With Trump running, and rumors of Russian interference in the election, I was speculating on how a future billionaire or foreign government could tamper with the Presidential election. I thought about the electoral college, and how it’s a lot easier to target and coerce 50 voters than even a few thousand.
Then I wondered if that was even possible. If, like in public voting, the ballots are secret, then it’d become a lot more difficult, especially in states with lots of votes (the very ones more likely to be targeted by such conspiracies).
Google wasn’t helpful to this question. Can someone enlighten me?
Electors are chosen for their pledges to support the winning candidates so they have to reveal their bona fides to the parties that nominate them. In some states, at least it used to be that the electors’ names were on the Presidential ballot.
There are 538 voters in the electoral college, so your conspiracy may have to be a bit bigger than you assume.
It’s up to the state. Some states require electors to vote publicly. Some even impose penalties on “faithless electors” who don’t vote for their declared candidate, which would only work if you knew how all the electors voted. Other states have electors vote confidentially. In one recent election, Minnesota had a faithless elector who voted for John Edwards instead of John Kerry. Since Kerry lost the election by a wide margin this was irrelevant. But to this day, Minnesota’s private electoral ballot means that no one knows who the faithless elector was.
You can review the number of electors who voted for each candidate but not the name of the elector who voted for each candidate. I believe different states have different processes for certifying the results of the electoral vote and transmitting the results to the Senate. If you look at Minnesota’s certificate of vote for that election, all the electors had to certify the vote total including the vote for Edwards, but you still can’t tell who cast that vote.
How, exactly, do the electors cast their vote? I saw it speculated in another thread that the electoral college as a body could decide not to elect Trump, but do they actually meet as a body? Is there any opportunity for deliberation, discussion or coordination?

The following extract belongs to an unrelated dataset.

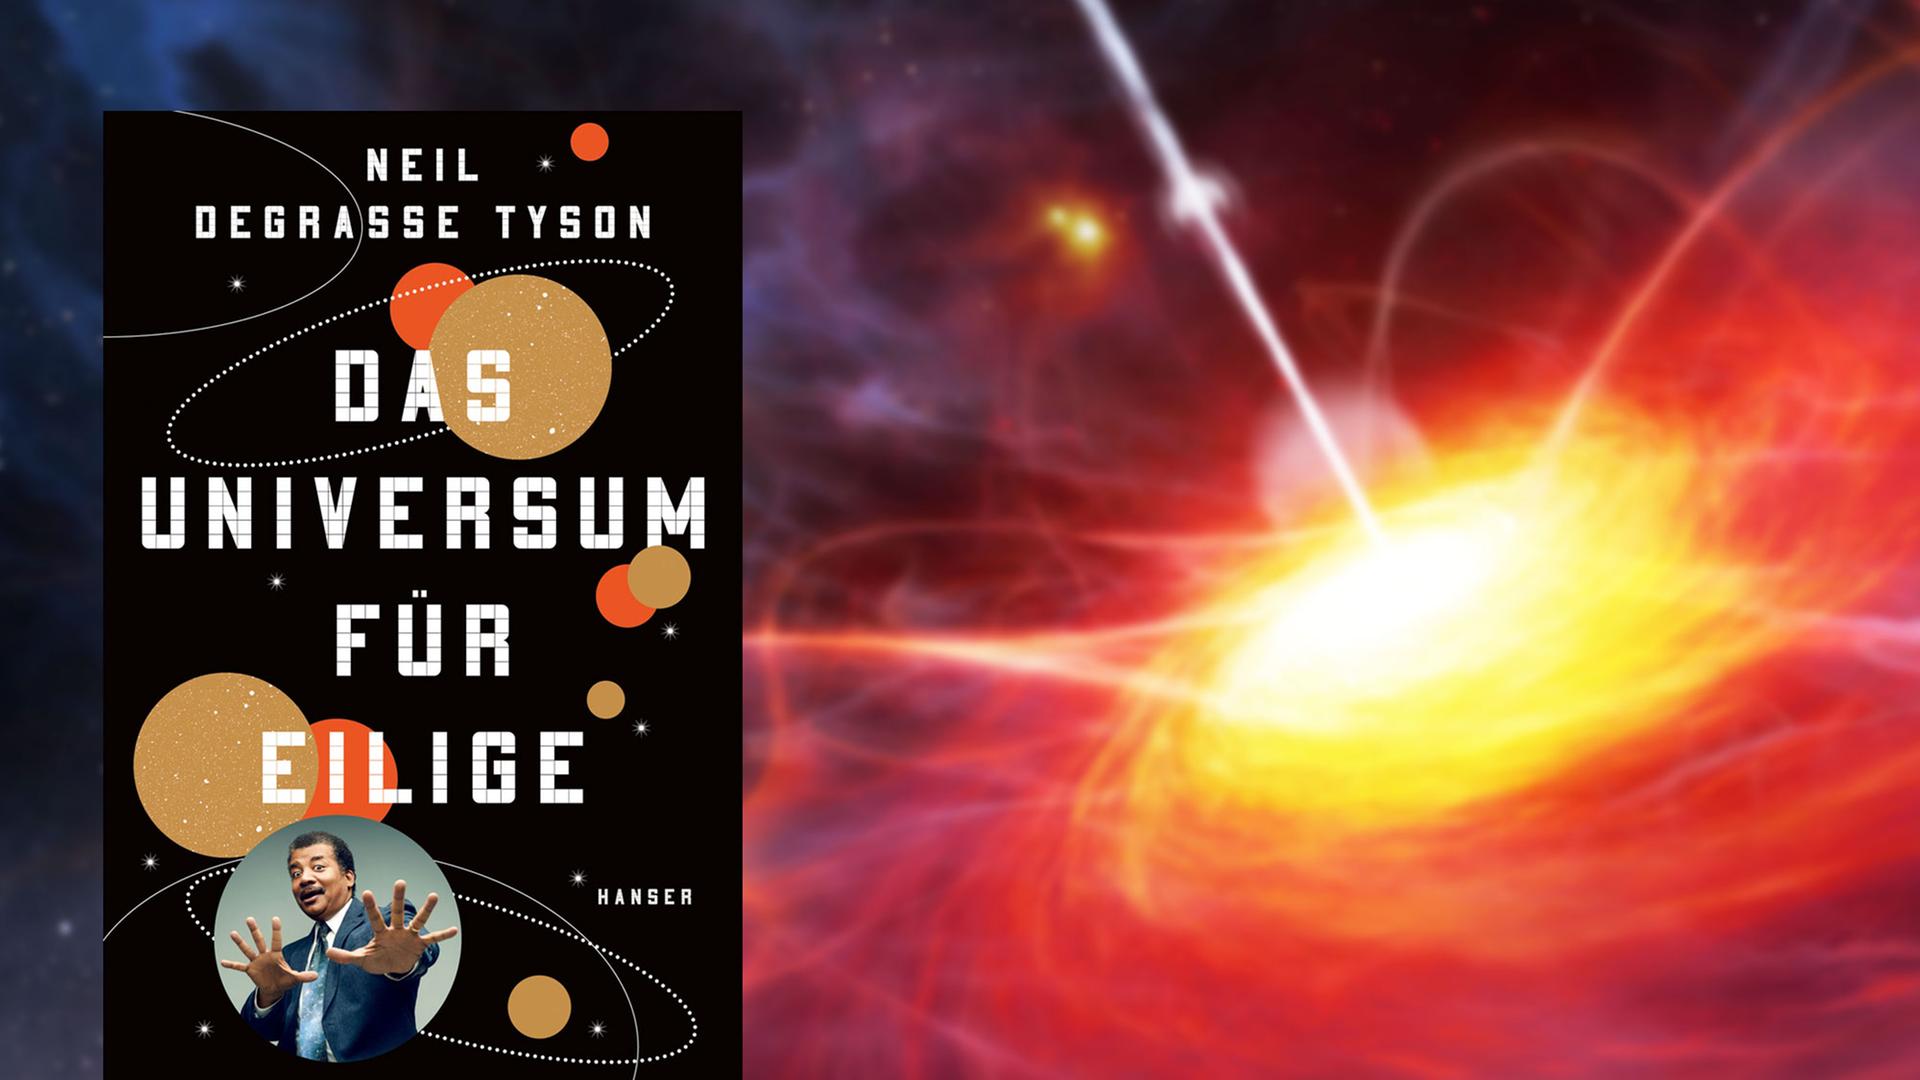 Buchcover "Das Universum für Eilige" von Neil deGrasse Tyson, im Hintergrund die Darstellung eines kosmische Leuchtfeuers

I actually thought it quite likely if Trump won by one or two electoral votes (or tied) that a rogue elector would try to swing the vote to Clinton (or create a tie, throwing it to the House), but with a large difference in pledged votes, I can’t imagine a large number of electors independently deciding to go rogue with no hope (individually) of affecting the outcome. (Though wouldn’t it be hilarious if, with no desire to actually change the outcome, a large number of Republican electors decide to cast a solitary protest vote for someone else and end up giving it to Clinton? Unlikely, but hilarious.)
ETA: Somehow I didn’t see Tired and Cranky’s post before I typed mine. That post suggests (as I thought I remembered) that each state’s electors casts their votes separately, not at some sort of plenary gathering.
That’s not correct at all. And he was hardly ‘faithless’, it was a simple mistake. As Matt was approaching age 90, he just misunderstood the instructions and put his Vice-Presidential Ballot in the box first. He recognized the mistake, and tried to correct his ballot, but the Secretary of State (Republican) suddenly decided that there was a rule that electoral ballots could not be corrected. So John Kerry got one less Electoral vote than he should have.
The ten of those that I sampled did not state individual votes but the aggregate of the state’s votes plus a list of the state’s electors. A distinction without a difference for 2012 when each state’s electoral votes were unanimous, but would the format of the documents be different if that were not the case?
No, but the identity of the electors nearly are. You just voted for one – do you know his/her name? It would be possible to find out, but even the news media doesn’t bother. They have the same status as the delegates your local party sent to the state capital to nominate those candidates in the first place. I was a delegate to a state party convention once, nobody knows that and nobody cared, but there was nothing “secret” about it.
Which would appear to open the door to shenanigans.
In states with few votes the defector might be deducible, but in the big states, they could vote as they pleased (whether because of conscience, blackmail, or bribery), without fear of consequences.
In fact, when it comes to the close elections of our history, how can we be certain that bribery or blackmailing of electors have not affected outcomes?
At this point, I am calling bullshit on the claims in this narrative. There was no attempt to correct the ballot and no sudden ad hoc Republican ruling.
Matthew Little was not “approaching 90,” he was 83, which I guess is approaching 90 as long as you aren’t dead yet but it’s more “About 80.” Little was a pretty smart guy and a civil rights fighter his whole life. not some doddering old fool, and assuming he made the error is pure conjecture, not fact. (Also, all ten electors were old.)
Actual electors who were there reported surprise and confusion when the votes were formally counted; it was clearly a surprise, which, obviously, it would not have been had someone said “oh no, I put in the wrong name, please let me fix it!”